Shreshtha Vihar is a posh residential colony situated in East Delhi which is adjacent to Uttar Pradesh. It consists mainly of 
kothis and villas. There are two apartments called Vivek Apartment and Gharonda Apartment. Many professionals reside here. It has many big parks and nearby Yamuna Sports Complex serves as the sports hub. Nearby localities are Jagriti Enclave, Surajmal Vihar, Hargovind Enclave, AGCR Enclave. D.A.V Public School Sreshtha Vihar is located at the outskirts of the colony. The colony has a Hindu temple and a community center for celebrating small occasions and has a central park.

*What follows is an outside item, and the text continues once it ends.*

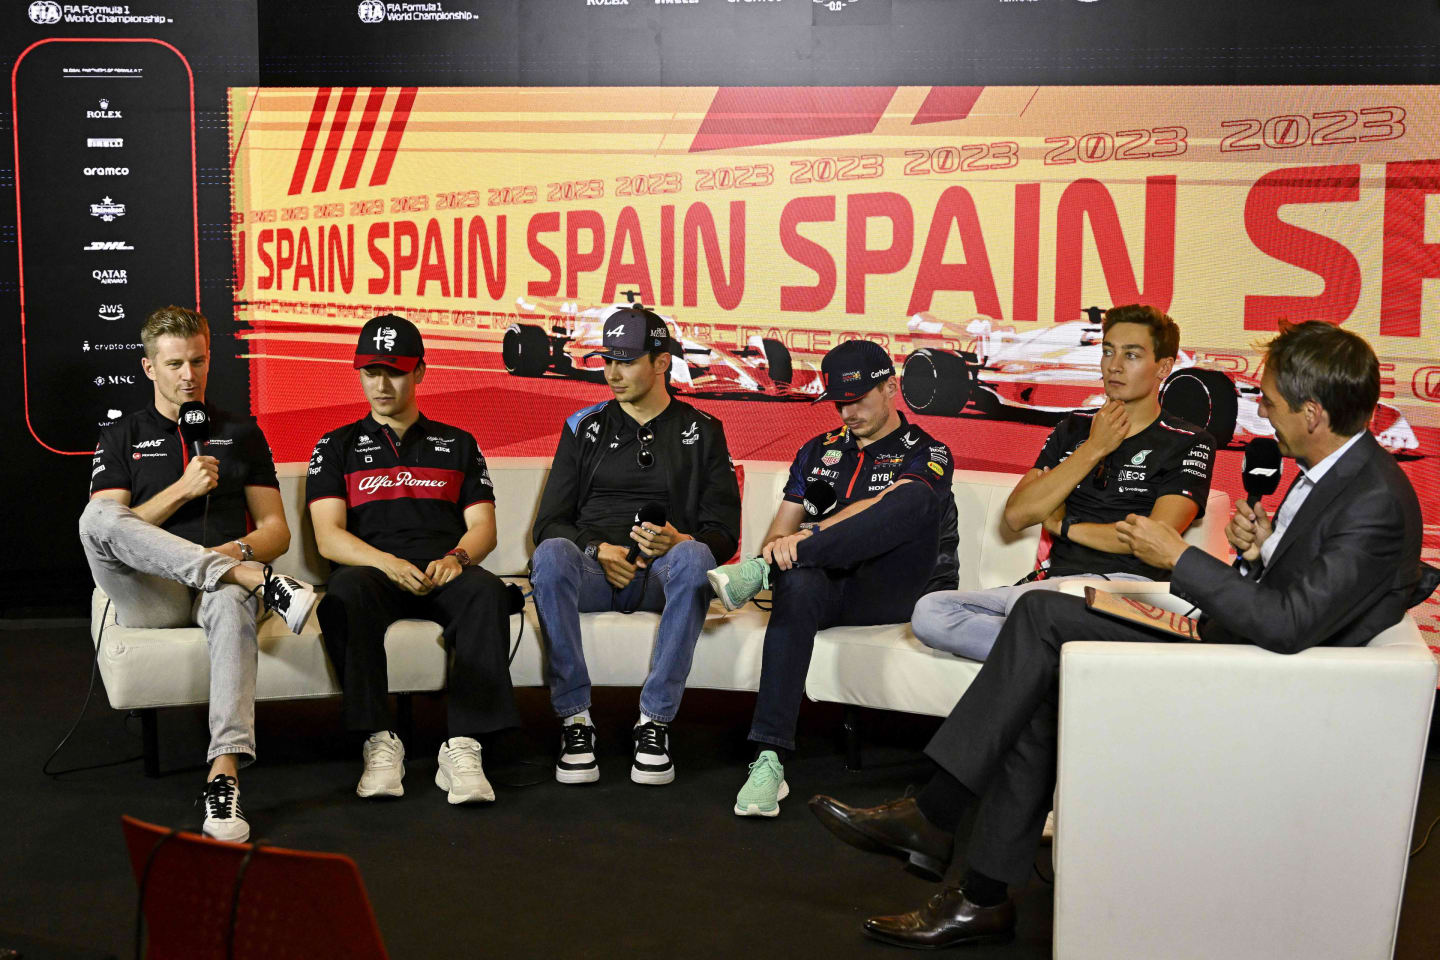 (From L) Haas F1 Team's German driver Nico Hulkenberg, Alfa Romeo's Chinese driver Zhou Guanyu, Alpine's French driver Esteban Ocon, Red Bull Racing's Dutch driver Max Verstappen and Mercedes' British driver George Russell address a press conference ahead of the Spanish Formula One Grand Prix at the Circuit de Catalunya on June 1, 2023 in Montmelo, on the outskirts of Barcelona. (Photo by JAVIER SORIANO / AFP) (Photo by JAVIER SORIANO/AFP via Getty Images)

Nearby metro stations are Karkarduma and Anand Vihar on the blue line and Karkarduma court on the newly constructed pink line of Delhi Metro. 

The locality has a good market with all amenities including premium branch of SBI Bank, LIC office, stationery shop, departmental stores, tailoring shops, Garment manufacturing unit, SBL Homeopathy office, beauty saloon, barber shop, eating joints, medicine shops, clinic of eminent doctors and dietician & nutritionist and many more. Recently in the month of May 2018 the market renovated and got face upliftment with ultramodern public toilet, lamp posts, black stone flooring and cemented chairs. Shreshtha Vihar is one of the richest societies in East Delhi.